So, I'm reading Ronald Dworkin's Is Democracy Possible Here. It's especially interesting because it's a relatively pop public affairs book by a top academic political philosopher. You get to see how he thinks his theories cash out in real political terms. Anyway, the aim of Dworkin's Chapter 4 on “Taxes and Legitimacy” is basically to argue that in the U.S. taxes are too low in general and that the Bush tax cuts in particular threaten the legitimacy of the state by undermining welfare spending required to treat citizens with equal concern. But the entire chapter seems to be based on, and vitiated by, a very simple mistake. Dworkin sets up the entire thing on the assumption that the generosity of welfare assistance and social insurance has some kind of internal connection to high tax rates on the wealthy. But that's just plain wrong.
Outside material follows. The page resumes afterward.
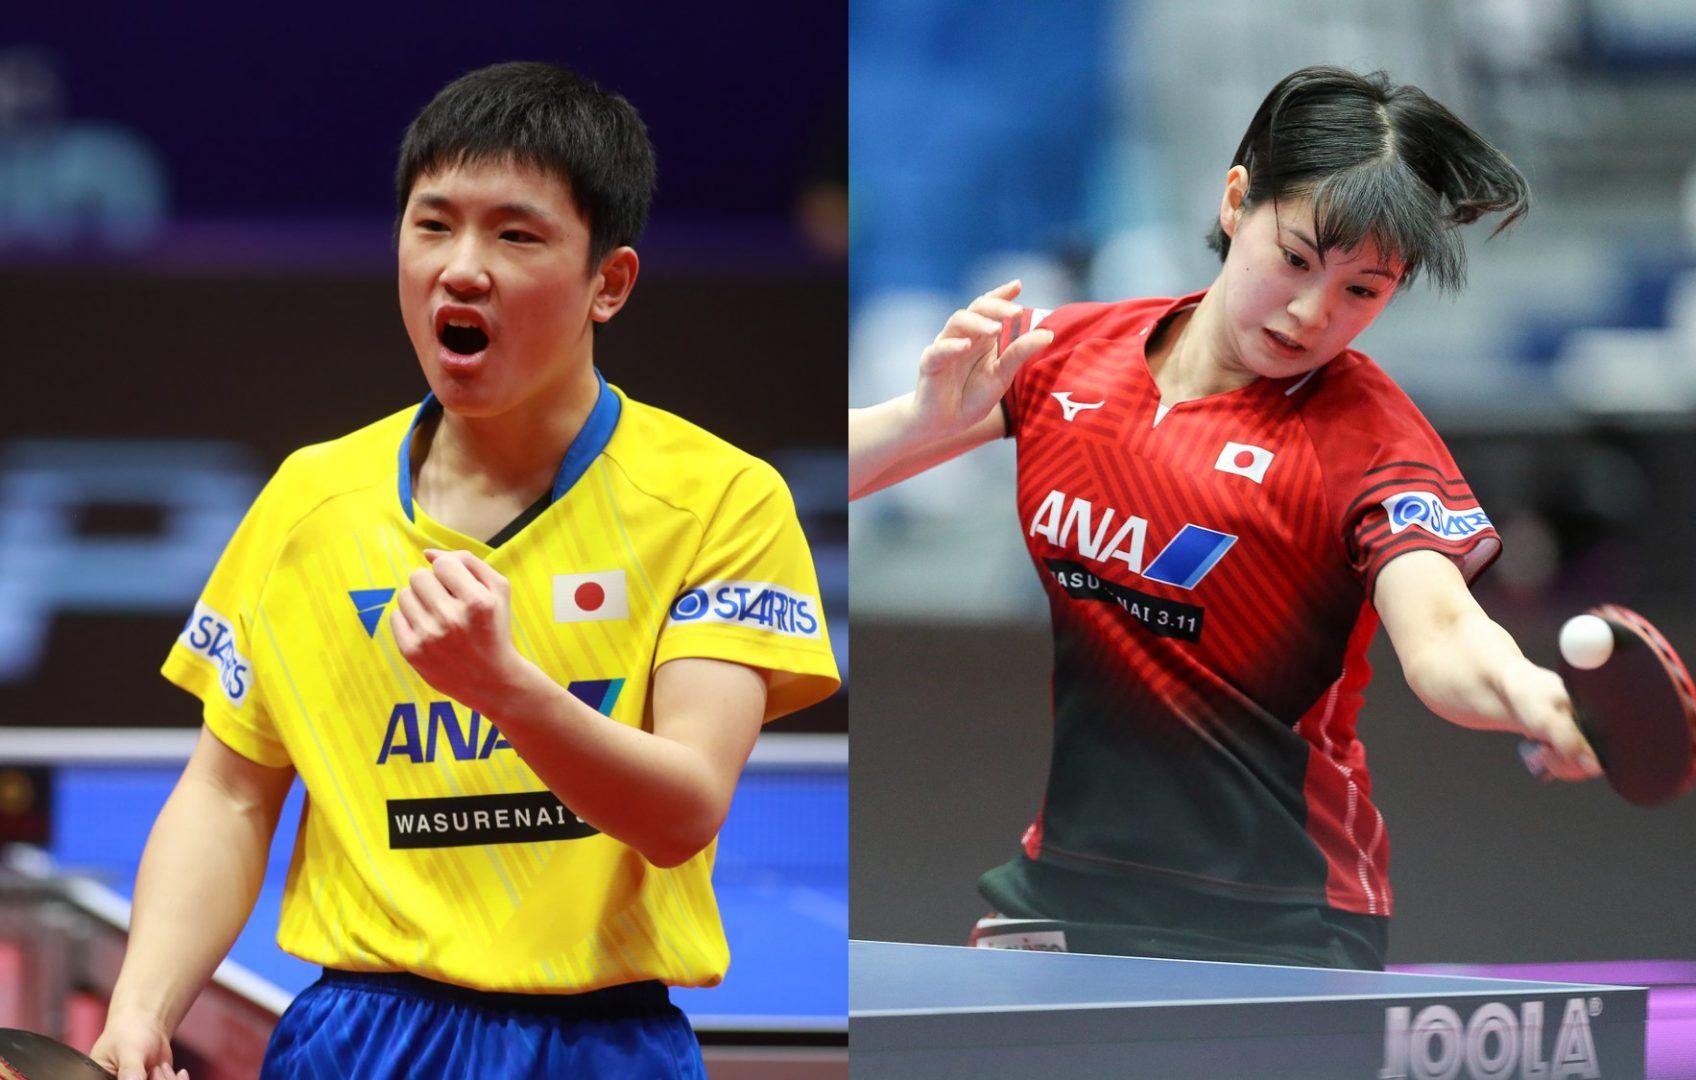 【今週の日本の卓球】日本勢大躍進 男子W杯・世界ジュニア全日程終了
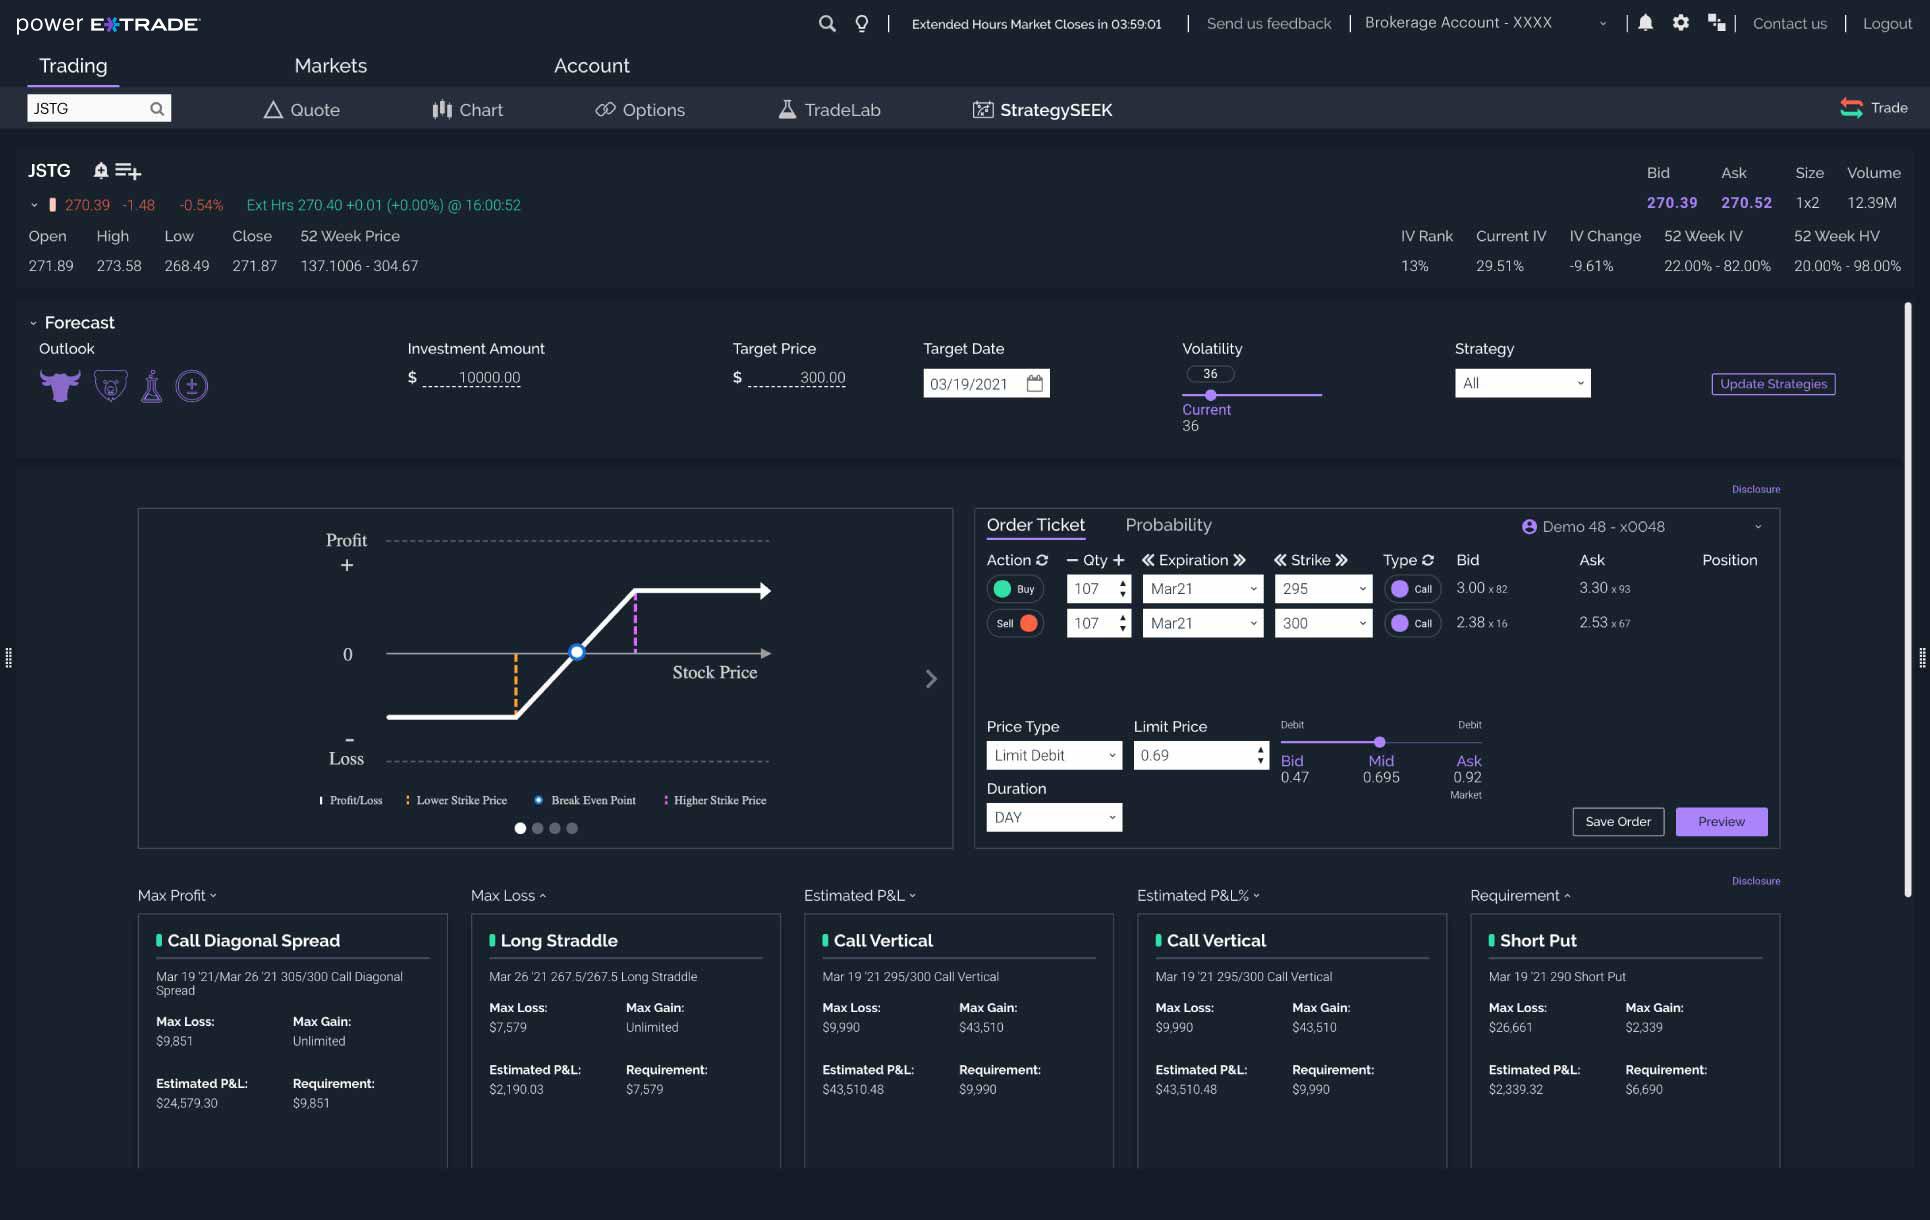 Screenshot of strategy seek

First, the primary issue is budget priorities–what we're spending money on–not tax rates. Everything Dworkin thinks is required for the state to treat people with equal concern (and thereby to secure legitimacy) is a matter of spending money on the right programs. So there just needs to be enough money to do it. And there is. The U.S. could massively expand the generosity of welfare assistance, unemployment insurance, worker retraining, etc. etc., at the cost of a relatively small portion of the budget of the Navy. We could cut taxes significantly across the board and increase the openhandedness of the welfare state if we were willing to significantly reduce spending elsewhere.
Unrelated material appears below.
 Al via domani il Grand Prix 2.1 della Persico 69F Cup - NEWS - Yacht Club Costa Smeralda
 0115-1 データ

I don't sense that Dworkin sees any need for military power that dwarfs the rest of the world's, so why not just admit that the government already has mind-boggling revenues at its disposal, and argue that it ought to spend much more on the kinds of programs that he thinks are required for treating citizens with equal concern and much less on fighter jets and allegedly humanitarian military intervention? Dworkin mentions in passing that all budgetary choices have distributive consequences, and even mentions military spending as an example of this. Indeed, he mentions the war as an onerous fiscal burden. But then he just breezes by to argue that the legitimacy of American democracy is threatened unless we raise taxes on rich people, because otherwise we won't be able to pay for his preferred social insurance scheme. It just doesn't make any sense.
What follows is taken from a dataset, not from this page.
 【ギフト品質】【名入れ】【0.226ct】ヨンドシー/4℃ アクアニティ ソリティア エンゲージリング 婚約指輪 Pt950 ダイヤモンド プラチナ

Why the emphasis on raising taxes rather than on spending current revenues less wastefully and more in lines with the demands of justice? Indeed, if you're sniffing for threats to the legitimacy in the status quo system, the fact that a massive portion of current revenues is mispent on the warmaking industry is a much a more plausible candidate than the U.S.'s relatively low top marginal income tax rate. Moreover, if current revenue is spent poorly, you probably shouldn't assume additional revenue will be spent well. (If you're doing non-ideal theory, you've got to stick with it, Dworkin!)
Second, the U.S. tax structure is rather more progressive than most (all?) countries that have the kind of welfare/social insurance state Dworkin is looking for. The top of the American distribution pays a huge portion of overall taxes. Social democracies of the kind Dworkin thinks the U.S. should be more like do indeed tend to take a higher percentage of GDP as tax revenue. But relatively little of this comes from higher marginal income tax rates on the wealthy. Most if it comes from the middle class through relatively high consumption taxes. So if Dworkin's point is that government needs to take a bigger chunk of GDP, so that it can afford to implement the right kind of social programs, then he ought to be arguing that the American middle class needs to pony up.
But, again, the idea that current U.S. revenue is insufficient to finance Dworkin's social insurance scheme is wildly implausible. Even granting all the key normative premises in favor of this scheme (which I certainly don't) it's hard see why Dworkin thinks he has an argument about tax rates at all, rather than an argument about spending current revenue better.